Recently, second-generation forgiveness scholars like Ryan Fehr have pushed the field in new and surprising directions. In one study, Mr. Fehr, a postdoctoral fellow in psychology at the University of Maryland at College Park, looked at the relationship between forgiveness and creativity.
First, Mr. Fehr and his colleague Michele J. Gelfand had participants recall an incident in which they either forgave or failed to forgive someone during a routine daily interaction. The researchers then asked the subjects to draw a picture of an alien from another planet. Those drawings were judged for creativity by three independent raters. Depictions of the aliens that looked less human (three eyes instead of two, say) were deemed more inventive.
What the researchers found is that people who failed to forgive drew less creative aliens. That matters, the researchers say, because it suggests that failing to forgive creates additional “cognitive load"—that is, it uses brainpower that is then unavailable for other tasks. Remarkably, just remembering a negative past incident takes a significant toll on those cognitive resources.

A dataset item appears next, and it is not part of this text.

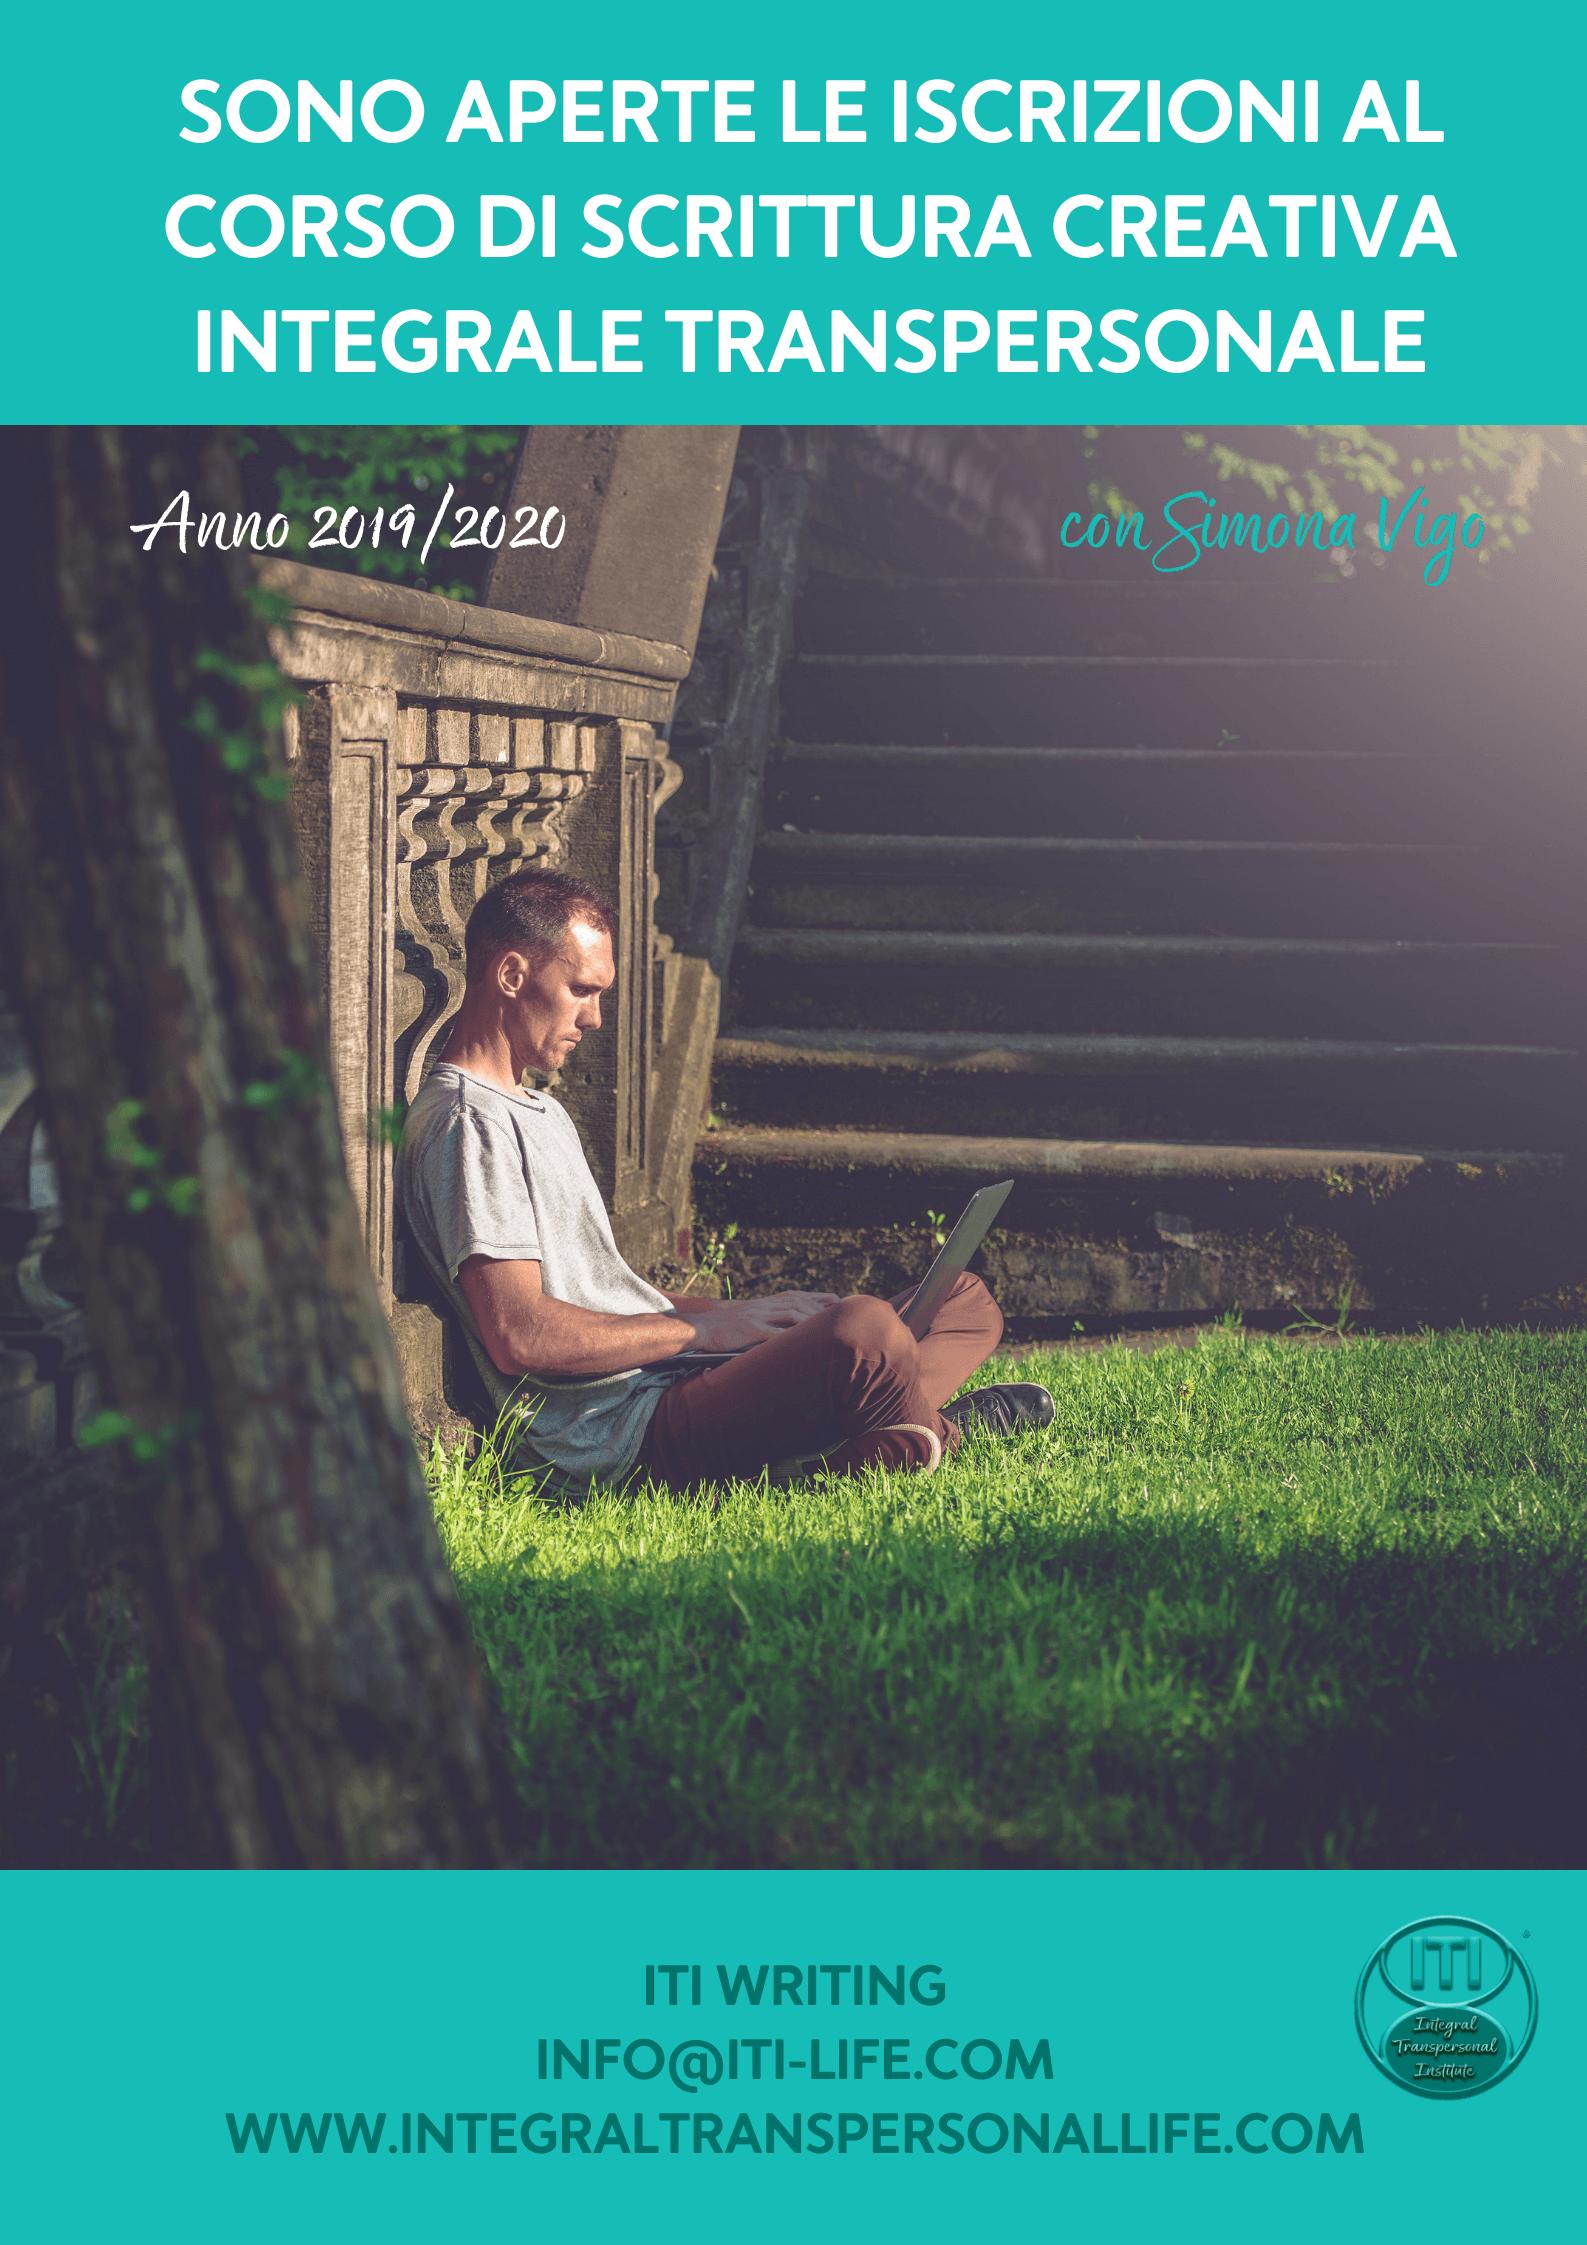 ITI Writing Corso di Scrittura Integrale Transpersonale a Milano 2019/2020

In the same vein, Dutch researchers recently set out to find whether there is a relationship between forgiveness and executive function, the cognitive-control center that organizes thought and regulates behavior. They had participants match letters that were flashed on a computer screen. They also tested them using the Tendency to Forgive Scale, which asks users to rate their agreement with statements like “I tend to get over it quickly when someone hurts my feelings.”
The participants who were better at matching letters were also more likely to be better at forgiveness. The researchers surmise that people with deficits in executive function may be prone to repetitive thought patterns and are thus more likely to dwell on the past. And, as we know from Mr. Fehr’s experiments, focusing on negative thoughts seems to stifle cognition.
While forgiveness has become a growth industry for psychologists, they don’t have the field to themselves. Political scientists, for instance, are interested in forgiveness on a societal scale, such as in Israel and Palestine. Then there are philosophers like Charles L. Griswold, whose 2007 book, Forgiveness: A Philosophical Exploration, calls forgiveness “a surprisingly complex and elusive notion.” He argues that it’s about more than dealing with the emotions of a grievance; it’s about the nature of justice, and it hasn’t always been considered a virtue. Mr. Griswold, a philosophy professor at Boston University, also contends that fellow philosophers have largely steered clear of forgiveness because of its religious associations.
David Konstan’s new book, Before Forgiveness: The Origins of a Moral Idea (Cambridge University Press), is a philosophical and historical take on the topic. His thesis is that interpersonal forgiveness is a modern notion, and that our ancestors thought of forgiveness solely in a religious context. Human beings didn’t forgive one another; God forgives human beings.
“The religious tradition actually prevented interpersonal forgiveness,” says Mr. Konstan, a professor emeritus of classics and comparative literature at Brown University. “To repent is to treat the other [forgiving] human being as a god.”
Other researchers disagree, but Mr. Konstan says the historical evidence is strong as long as you accept his narrow, secular definition of the word “forgiveness.”
He is willing to put the arguably modern concept into practice. After scheduling an interview about his new book, a reporter neglected to call him at the appointed time and had to apologize for the mix-up.
“That,” the professor replied cheerfully, “is quite all right.”